## [Exercise brief]
Reproduce the listing in full. Omit the pictures.

## [Dataset section]
Start of Block
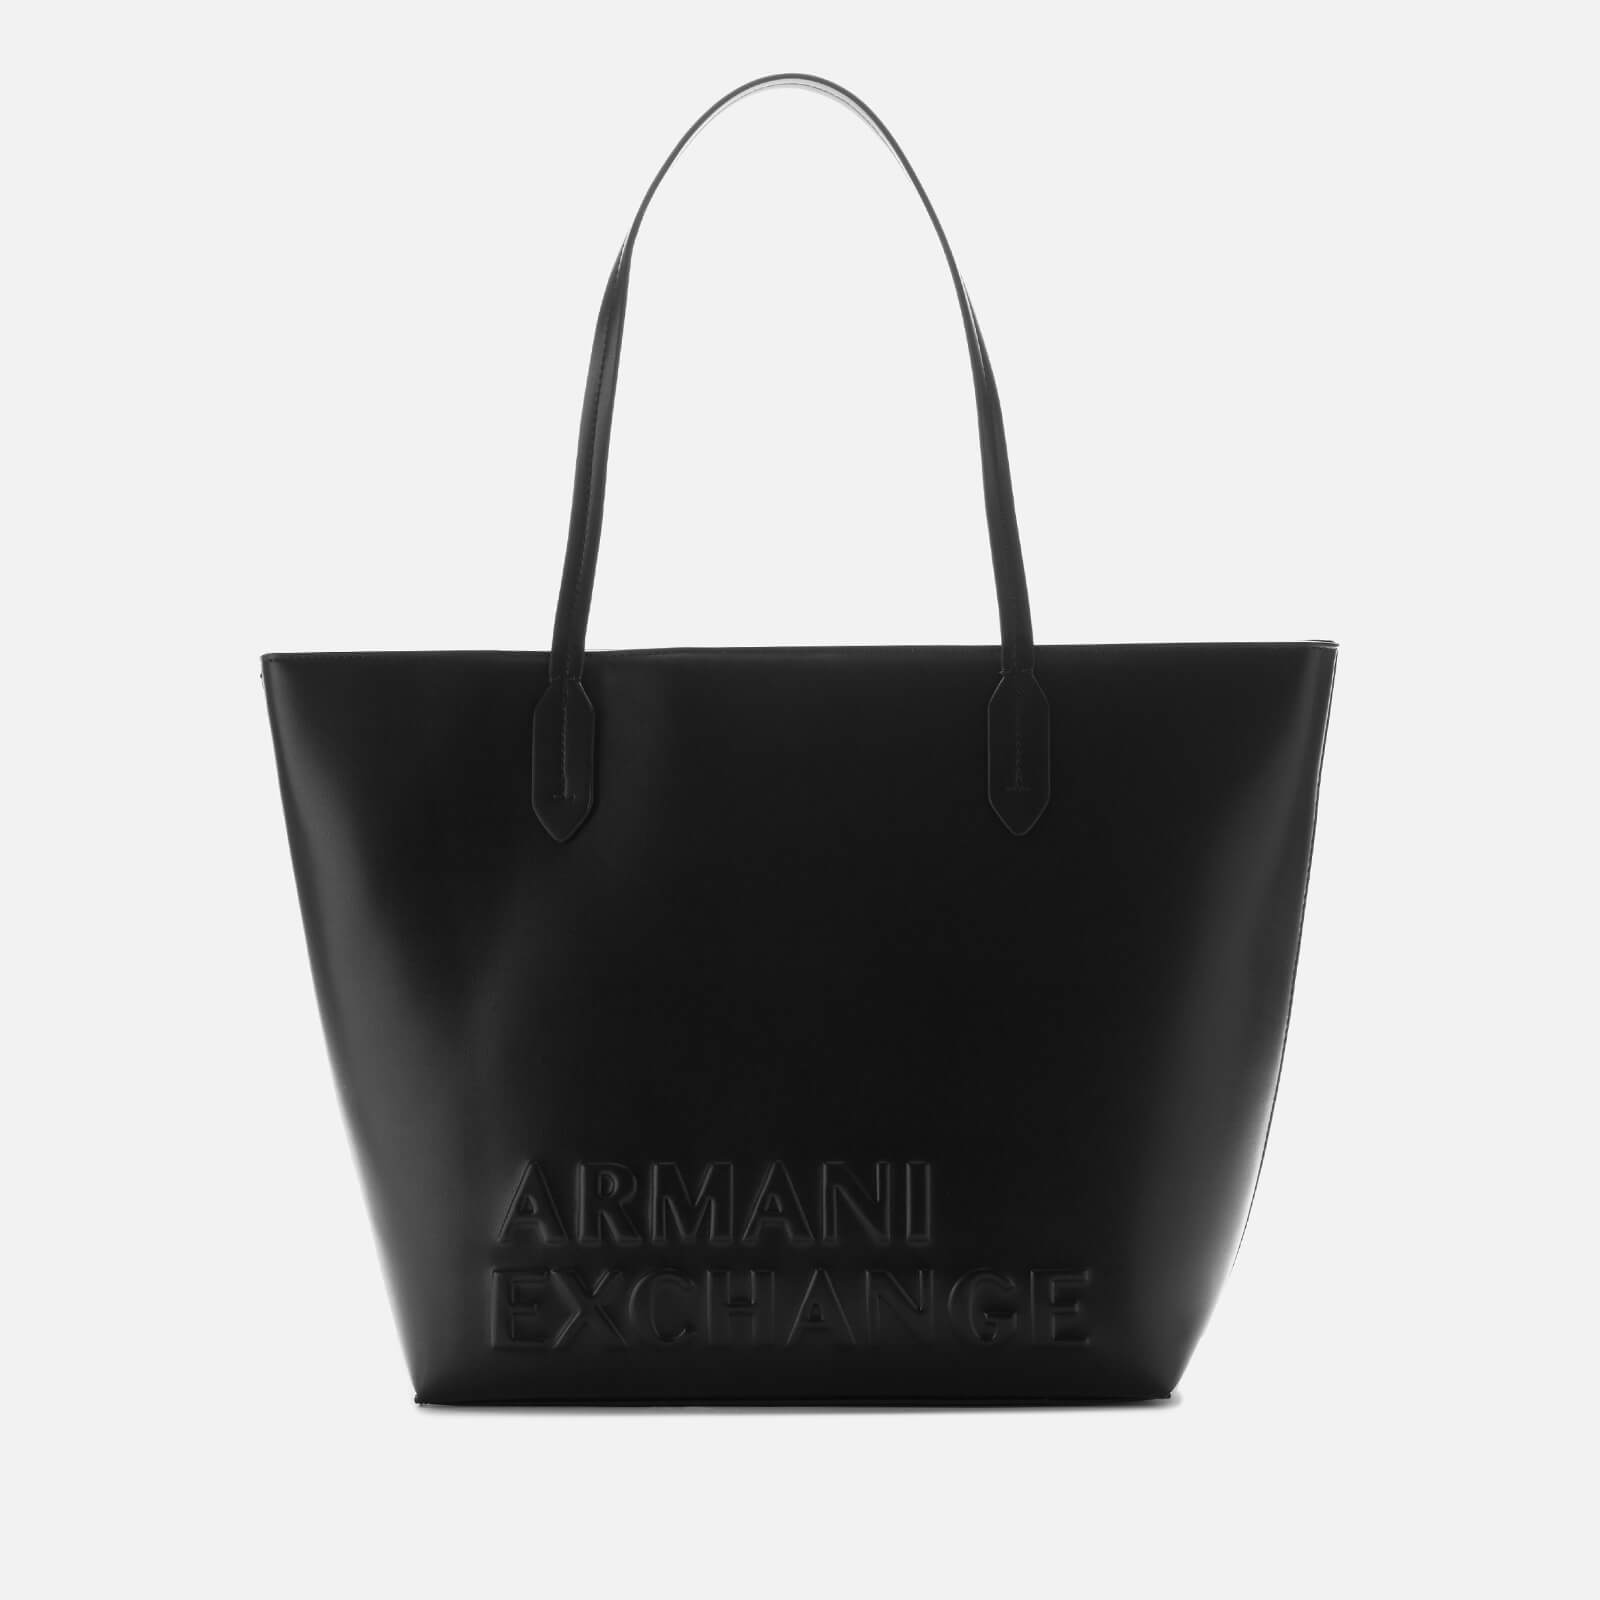 armani exchange tote bag
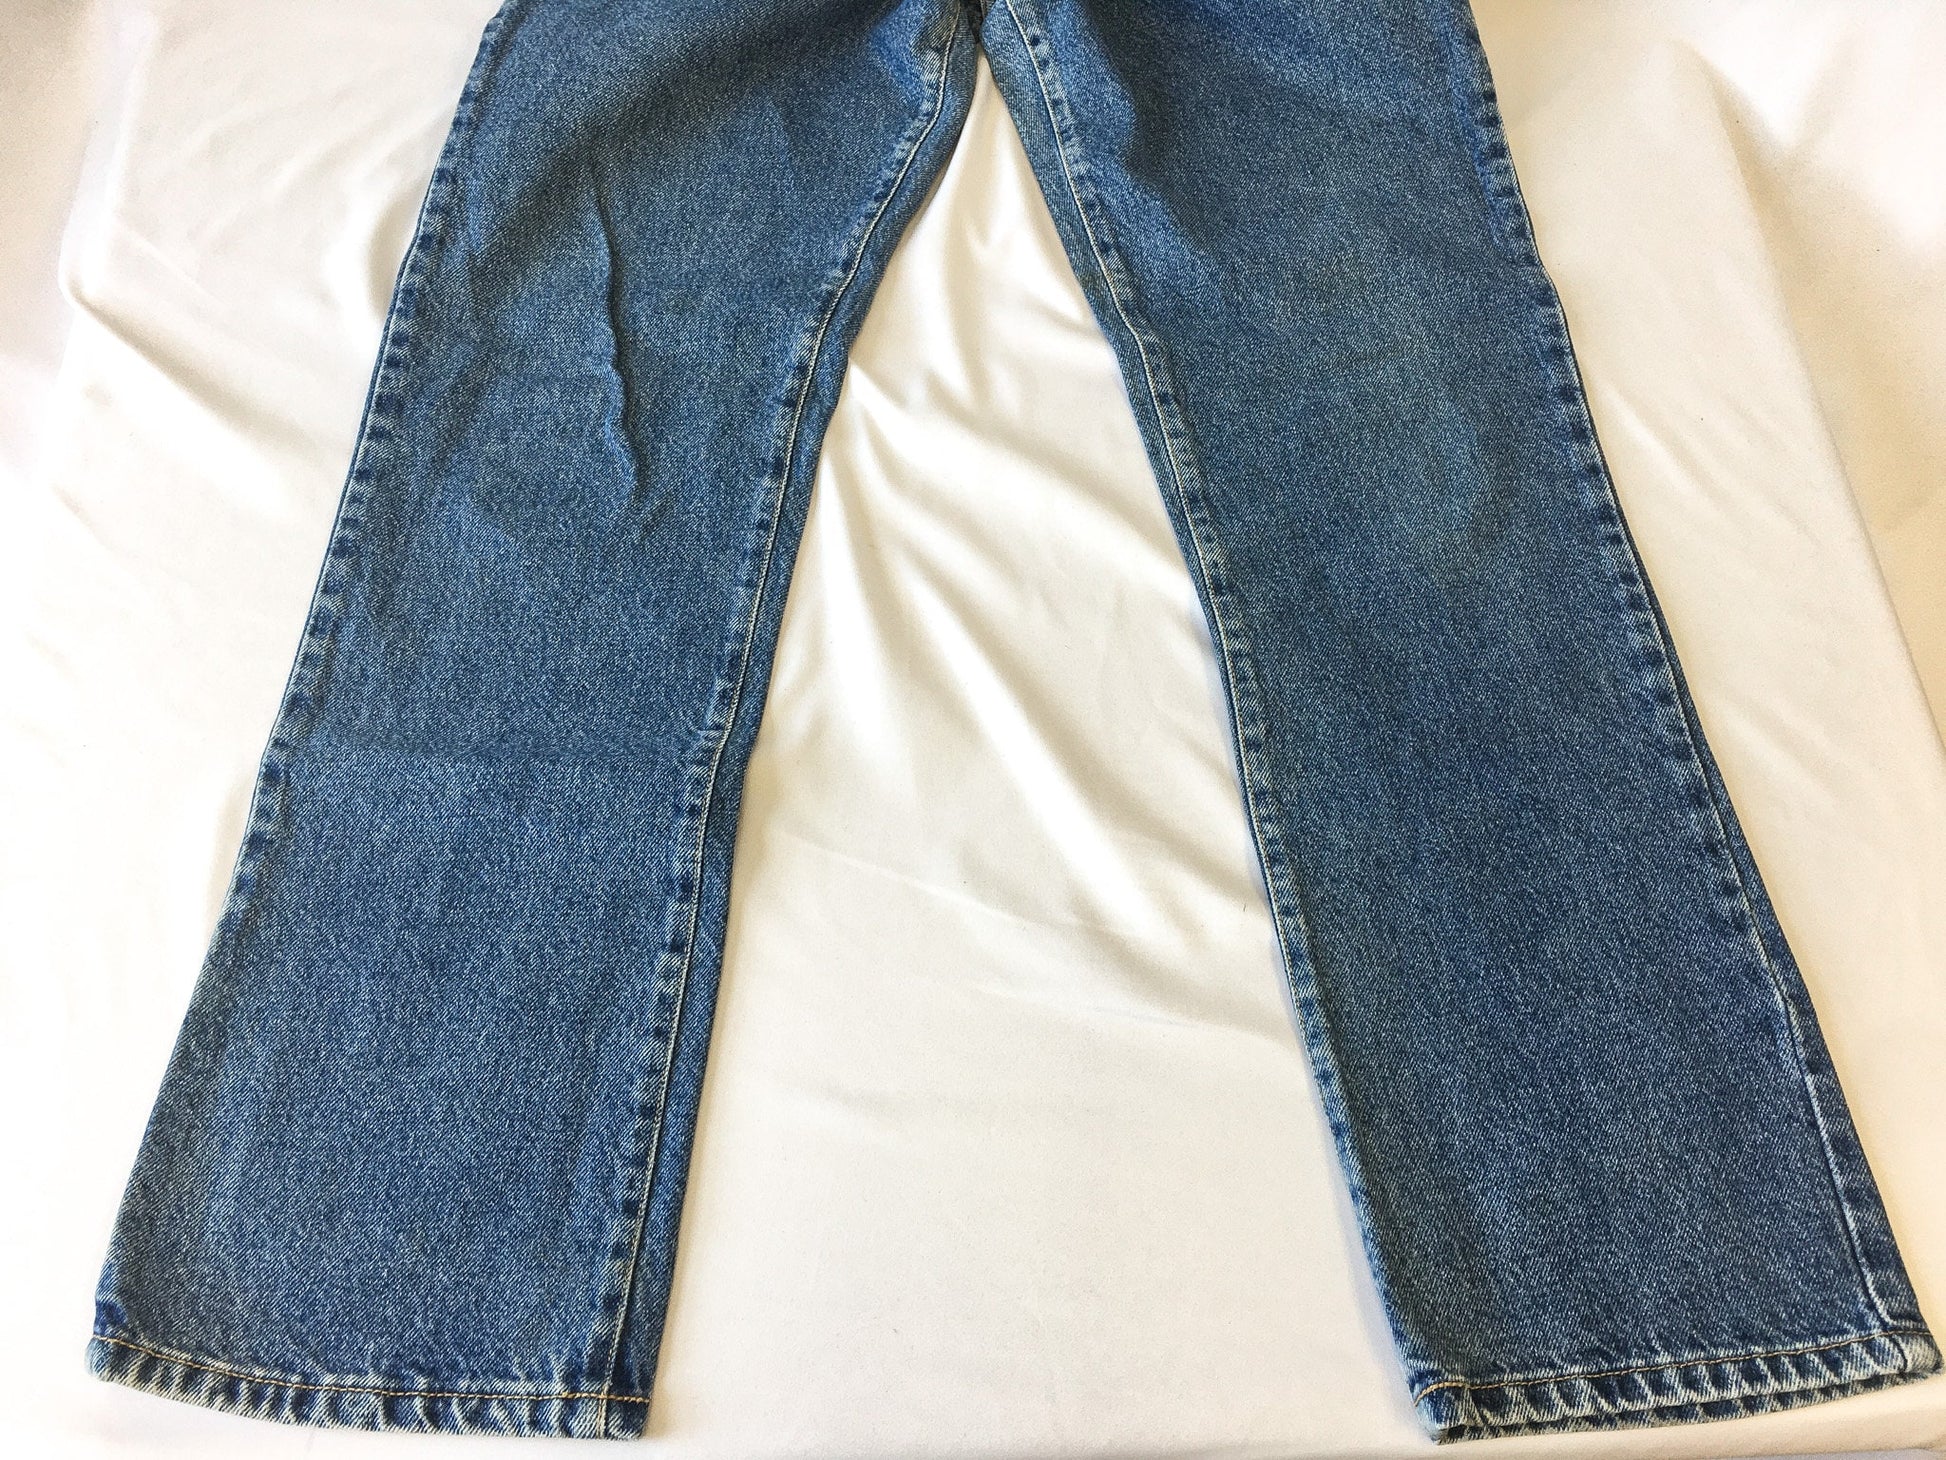 Vintage 90s Dr. Martens Air Wair Medium Wash Jeans, Sz. 30 x 32, (measures 29" x 30") Vintage 90s Denim
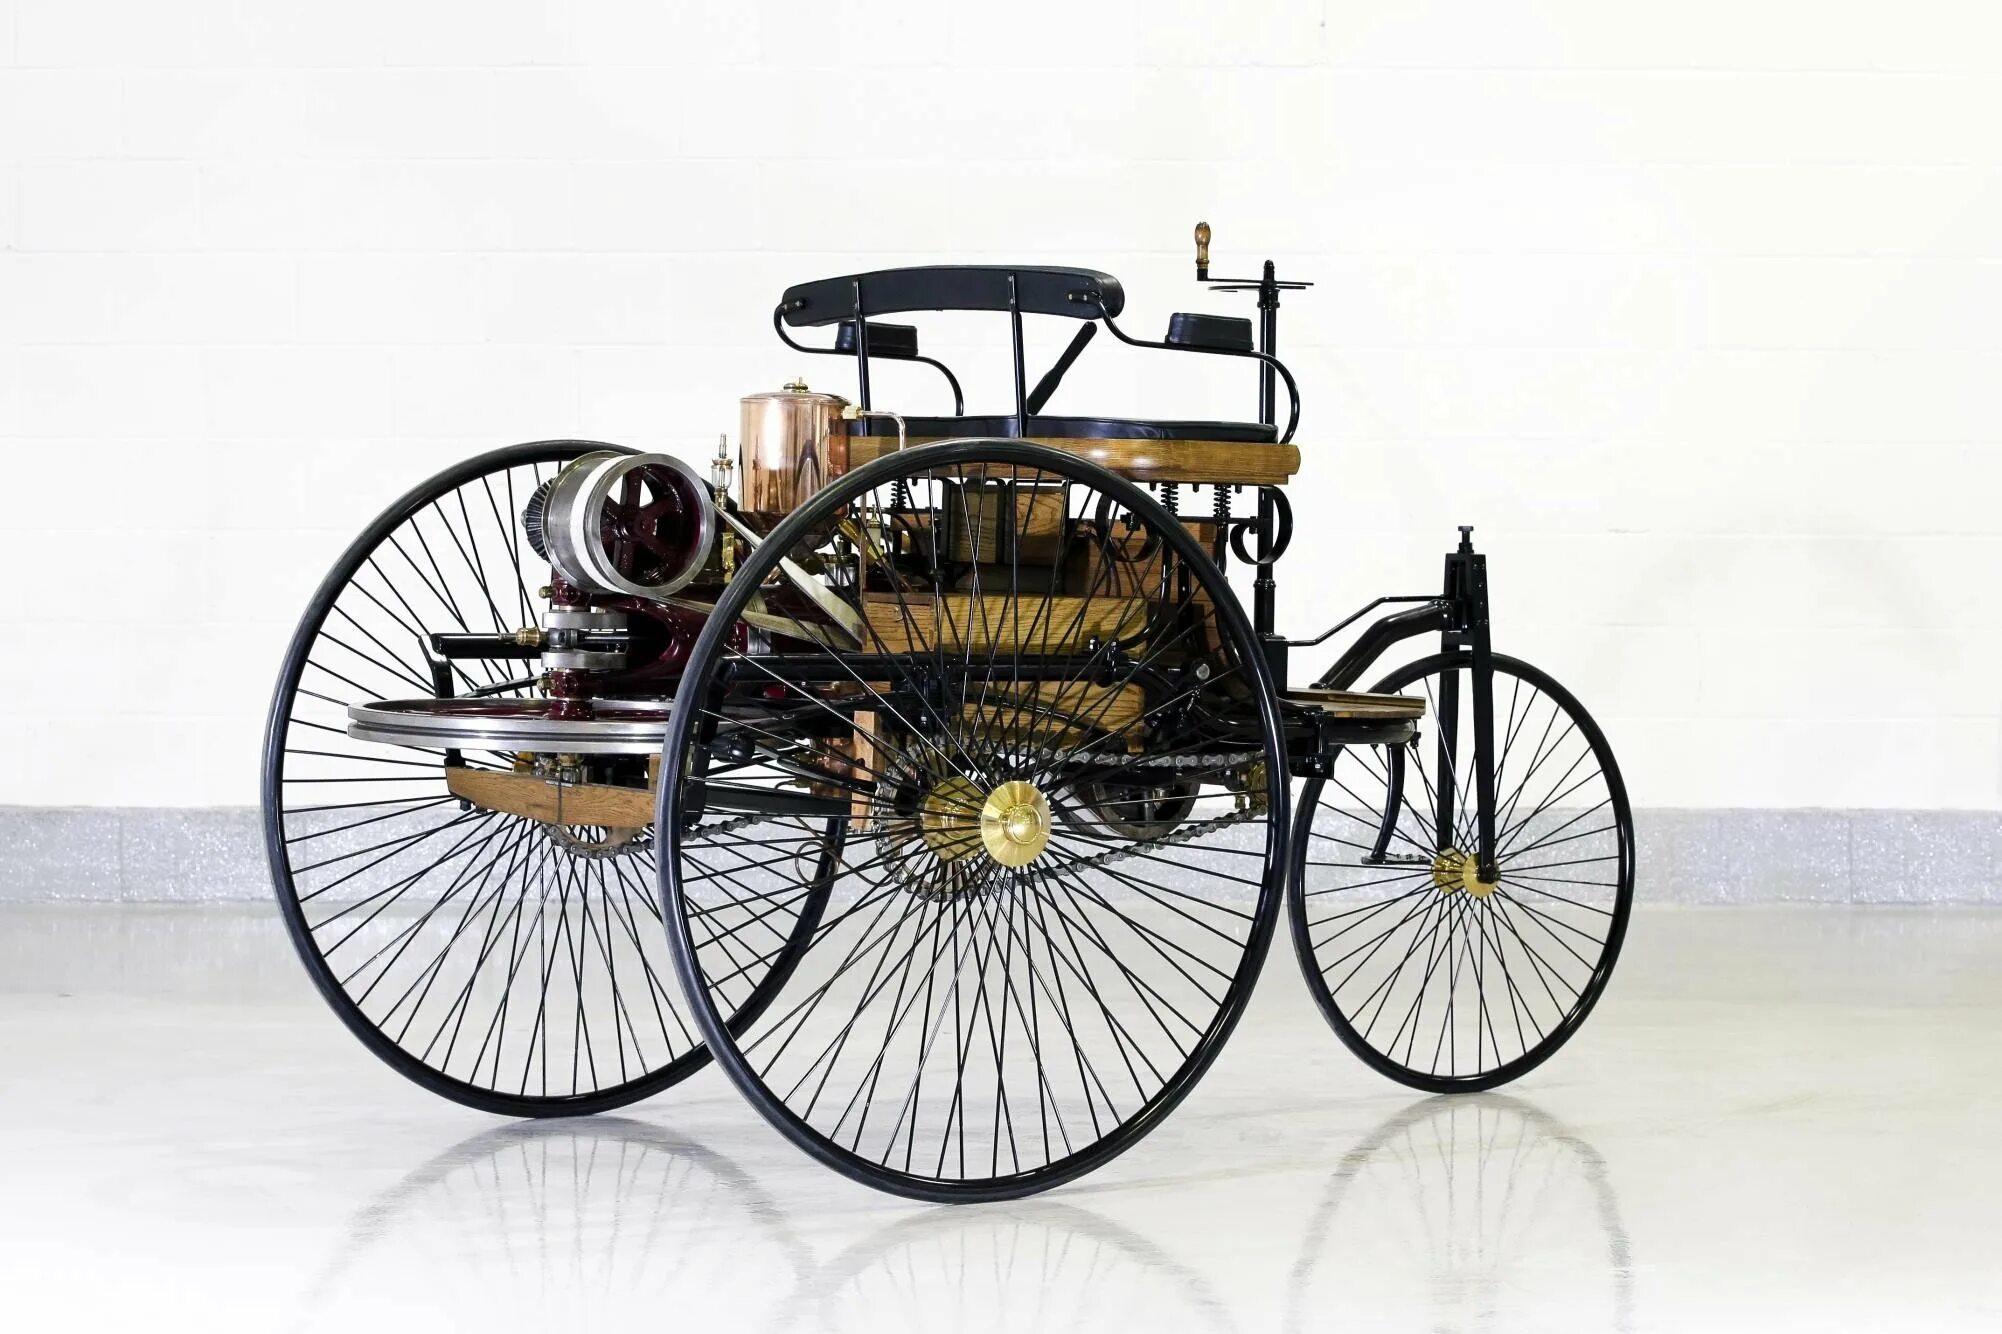 Первый автомобиль количество. Benz Patent-Motorwagen 1886. Benz Patent-Motorwagen 1886 двигатель.
End of Block
## [Answer below]
 armani exchange tote bag
 Vintage 90s Dr. Martens Air Wair Medium Wash Jeans, Sz. 30 x 32, (measures 29" x 30") Vintage 90s Denim
 Первый автомобиль количество. Benz Patent-Motorwagen 1886. Benz Patent-Motorwagen 1886 двигатель.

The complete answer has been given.